FINSUM
Time to Get Aboard the Amazon Rocket Ship
(Seattle)
Yes, Amazon looks expensive and has seen massive gains in recent years. This makes many fearful of the stock. But the reality is that the stock is a free cash flow rocket ship that is going to keep surging higher, according to 47 of the 49 Wall Street analysts who cover it. Amazon trades for 69x 2020 earnings, but it still looks pretty inexpensive on a free cash flow basis. The company’s past growth initiatives are now paying off, which means Amazon is throwing off free cash flow in a big way.
FINSUM: Amazon has averaged a 35% gain per year since it went public. We don’t see any big reasons why it cannot continue this year.
It’s a Great Time for Gold
(New York)
There have been two huge beneficiaries of the increased tensions with Iran in recent days: oil and gold. The shiny metal is now at its highest level since 2013 at almost $1,600 per ounce. The difference between the two is that gold seems likelier to stay elevated. Goldman Sachs argues oil would actually need a physical disruption to supply in order to stay elevated, while historically gold is likely to keep rising. According to the bank, “In contrast, history shows that under most outcomes gold will probably rally to well beyond current levels”, says Goldman’s head of commodities research.
FINSUM: Gold certainly has a longer runway than oil for staying high as its rise in prices has nothing to do with a possible supply disruption, which means one doesn’t need to materialize in order for prices to keep moving higher.

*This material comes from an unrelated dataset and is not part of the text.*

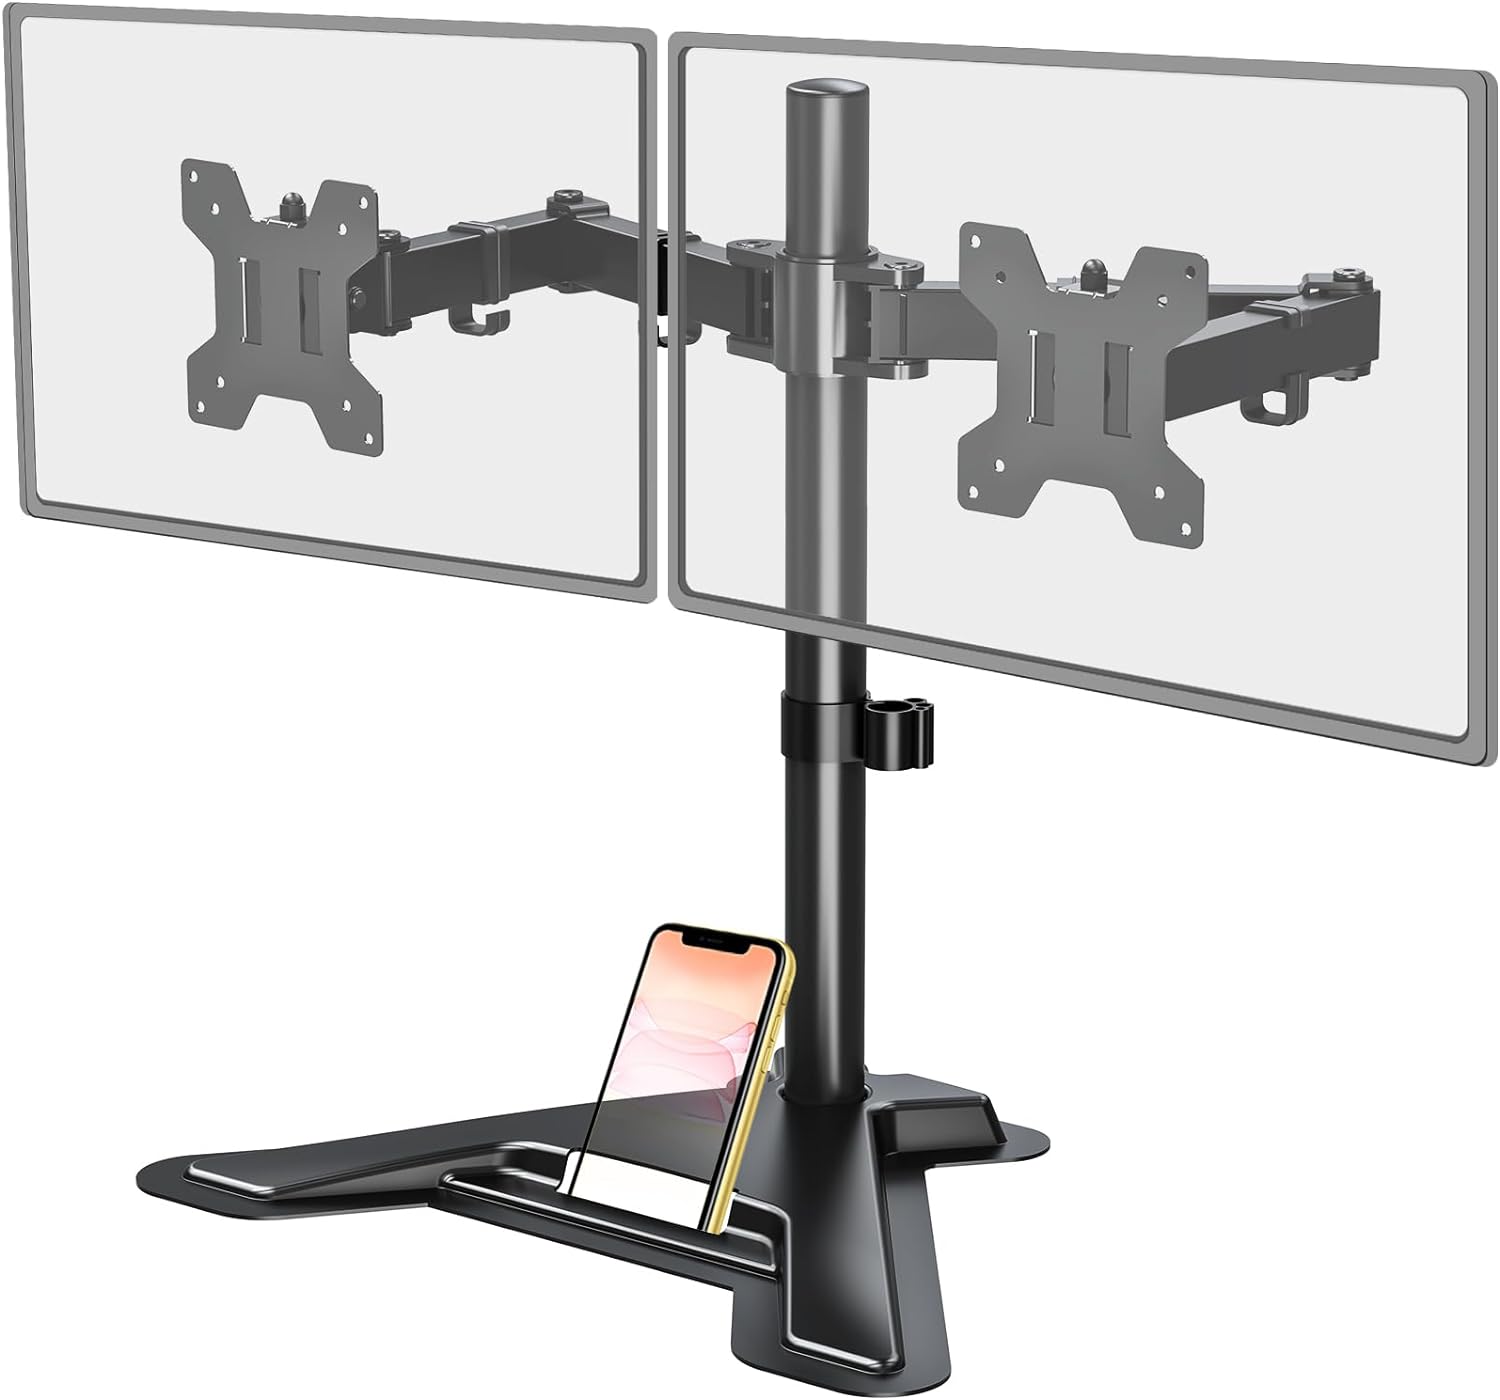 GREAT MOUNT FOR THE PRICE. PRETTY FIRM AND STABLE. THE ONLY ISSUE I RAN INTO WAS THE HARDWARE DIDNT WORK ON MY MONITORS SO I ORDERED ANOTHER KIT. BUT NOT A BIG DEAL.

A New Best Interest Rule for Annuities Has Been Proposed
(Los Angeles)
Regulators might be about to really shake up the all important annuities market. The National Association of Insurance Commissioners, which is comprised of state level regulators, has just proposed a new suitability standard for annuities transactions. The new rule would require insurance brokers to act in the best interest of clients when recommending products. The specific wording used says that the insurance salesperson must act “without placing the producer’s or the insurer’s financial interest ahead of the consumer’s interest” and that they must “without placing the producer’s or the insurer’s financial interest ahead of the consumer’s interest”. Speaking about the rule, the NAIC says “It’s in harmony with what the SEC did but goes a little further in providing clarity as to what the conduct standard actually is”.
FINSUM: The annuities market has had some bad behavior so a clean up to give peace of mind to all involved is warranted, but this will likely mean big changes if it comes to pass.
This Percentage of Clients Will Come Along When You Breakaway
New York)
Yesterday we ran a piece explaining the level of AUM advisors need to successfully breakaway (cheat sheet: $50m-$100m). Today, we wanted to hit on another key topic: what percentage of clients typically come with an advisor when they break away? Now, this obviously varies a great deal based on particular circumstances, but according to Kestra, the typical rate is 80% in their experience.
FINSUM: This is useful, but only to a point because many advisors will have a great deal of their assets concentrated in a small group of clients, meaning it is a fairly tight number of make or break accounts.
How to Profit from Fears of a Slowdown
(New York)
The market and investors are in an odd juxtaposition. For the most part, the media and analysts remain pretty bearish, yet the market continues to rise. Fears of an economic slowdown are persistent. With all this in mind, what is the best way to play the market? Barron’s says you should sell puts, cashing in on investors’ fears and desire to buy puts. For instance, one could sell puts on the Financial Select SPDR (XLF), which is at a high water mark but is still quite vulnerable to a downturn because of fears over the economy and rates.
FINSUM: Granted, this is a nickel and dime strategy but it sure beats fearful money sitting in a money market account not earning much.